Schon mal schönen Dank
Jonleth


----------



## Bleiglanz (14. Sep 2004)

ist auf beiden Rechnern die aktuelle .class Datei vorhanden und hast du deine beiden Progs neu gestartet

zum Deserialisieren musst du natürlich die gleiche .class verwenden!


----------



## meez (14. Sep 2004)

Bleiglanz hat gesagt.:
			
		

> zum Deserialisieren musst du natürlich die gleiche .class verwenden!

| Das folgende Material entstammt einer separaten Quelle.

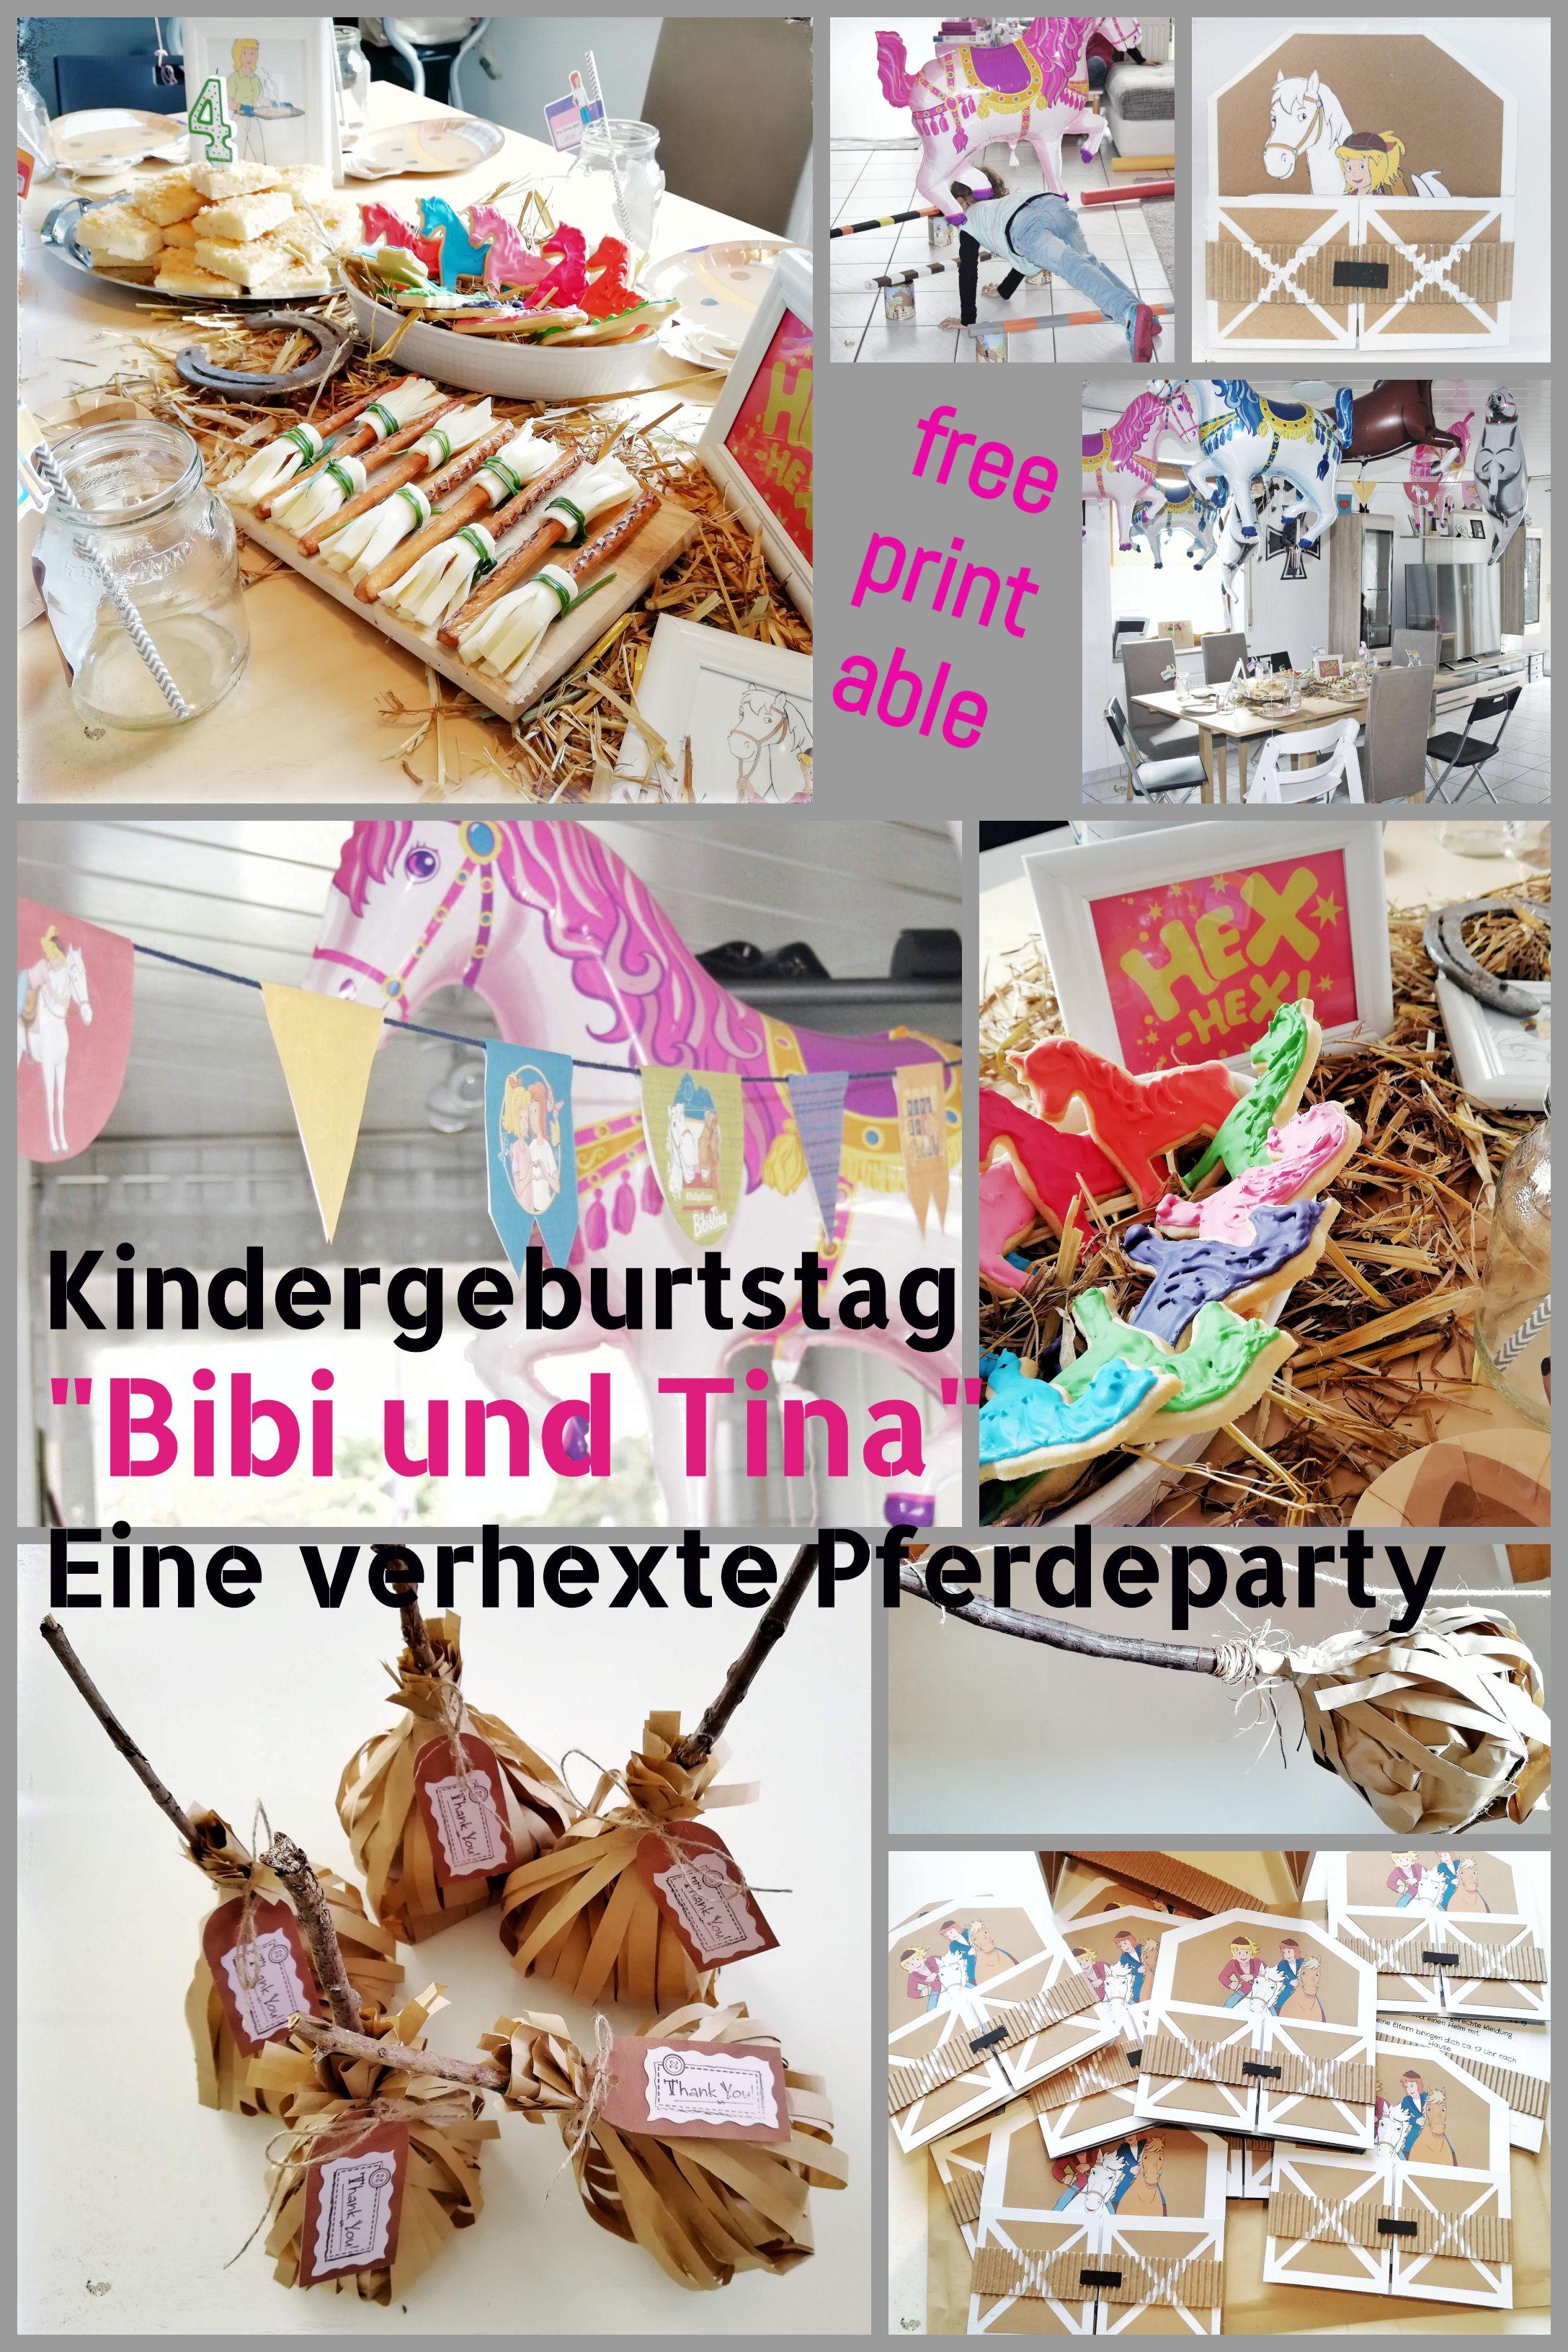 Das war schon die zweite #Pferdeparty, die ich durchgeführt habe, nur diesmal war alles wie verhext. Denn eigentlich war es eine #Bibi und Tina Party, vollgepackt mit Hexsprüchen, die die #Partyspiele auf den Kopf gestellt haben. Für die #Einladung gibt's ein kostenloses #Printable.  #Kindergeburtstag #Mottoparty #Geburtstagsfeier #Bibiundtina #giveaways # mitgebsel #hexenbesen #butterkuchen #tischdeko #hexenparty #partydeko

Yep...Und das ist auch die einzige Situation, wo eine solche Exception entstehen kann...


----------



## Guest (14. Sep 2004)

Schau Dir auch das Programm "serialver" im jdk##/bin Verzeichnis an.
Serialisierbare Objekte ohne serialVersionUID machen viel Stress,
wenn man sie neu compiliert. 
Sowas sollte in Deiner Klasse drin stehen

static final long serialVersionUID = 1606721444988077980L;


----------



## Jonleth (15. Sep 2004)

Habt dank,
habs so ausprobiert und es klappt natürlich. Ich selbst wär wahrscheinlich so schnell nicht drauf gekommen... gut dass es dieses Forum gibt!!!

farewell


----------